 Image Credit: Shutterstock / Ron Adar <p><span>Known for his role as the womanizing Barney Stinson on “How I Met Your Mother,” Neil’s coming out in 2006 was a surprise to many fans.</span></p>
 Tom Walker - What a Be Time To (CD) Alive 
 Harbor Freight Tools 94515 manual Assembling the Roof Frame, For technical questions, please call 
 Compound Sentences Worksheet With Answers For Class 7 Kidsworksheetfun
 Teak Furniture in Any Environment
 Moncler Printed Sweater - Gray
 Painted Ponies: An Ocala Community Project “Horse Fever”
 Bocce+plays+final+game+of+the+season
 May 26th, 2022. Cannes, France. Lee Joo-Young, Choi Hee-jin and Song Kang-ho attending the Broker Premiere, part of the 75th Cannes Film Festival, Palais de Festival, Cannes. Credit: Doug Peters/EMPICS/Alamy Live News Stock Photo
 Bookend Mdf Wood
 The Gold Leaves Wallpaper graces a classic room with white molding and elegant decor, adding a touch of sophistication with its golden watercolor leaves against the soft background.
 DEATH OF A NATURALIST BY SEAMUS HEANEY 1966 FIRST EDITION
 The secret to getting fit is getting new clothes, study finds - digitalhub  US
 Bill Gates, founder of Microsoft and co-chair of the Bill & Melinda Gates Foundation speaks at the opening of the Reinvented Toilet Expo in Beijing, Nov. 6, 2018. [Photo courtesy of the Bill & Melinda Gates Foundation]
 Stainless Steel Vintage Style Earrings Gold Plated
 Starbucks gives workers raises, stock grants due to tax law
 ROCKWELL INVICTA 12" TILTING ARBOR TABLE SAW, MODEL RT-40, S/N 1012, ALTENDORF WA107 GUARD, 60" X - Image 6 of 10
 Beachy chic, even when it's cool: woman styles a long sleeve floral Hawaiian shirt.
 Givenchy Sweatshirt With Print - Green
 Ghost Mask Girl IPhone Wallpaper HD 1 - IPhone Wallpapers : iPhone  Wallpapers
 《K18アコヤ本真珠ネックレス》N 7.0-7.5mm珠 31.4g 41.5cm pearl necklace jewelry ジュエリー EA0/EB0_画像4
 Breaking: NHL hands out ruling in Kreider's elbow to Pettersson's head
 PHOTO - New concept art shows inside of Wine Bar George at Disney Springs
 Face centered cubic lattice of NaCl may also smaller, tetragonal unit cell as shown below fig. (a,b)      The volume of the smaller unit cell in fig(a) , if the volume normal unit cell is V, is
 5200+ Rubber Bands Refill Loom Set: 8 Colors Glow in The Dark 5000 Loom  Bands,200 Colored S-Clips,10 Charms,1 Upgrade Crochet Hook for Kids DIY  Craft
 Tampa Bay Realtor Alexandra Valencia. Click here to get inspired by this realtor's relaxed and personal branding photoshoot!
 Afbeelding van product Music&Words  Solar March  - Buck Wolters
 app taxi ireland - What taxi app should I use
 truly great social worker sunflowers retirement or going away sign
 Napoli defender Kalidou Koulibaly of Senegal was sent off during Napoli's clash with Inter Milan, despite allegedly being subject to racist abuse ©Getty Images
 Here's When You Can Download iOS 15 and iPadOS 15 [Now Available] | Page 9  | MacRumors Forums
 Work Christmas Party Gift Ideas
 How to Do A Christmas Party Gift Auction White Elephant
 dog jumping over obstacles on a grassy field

::::::

▶ [Try it]:
Please report the number of lines in the data that include the word "Wallpaper", and add no other text.

▶ [Exercise solution]:
2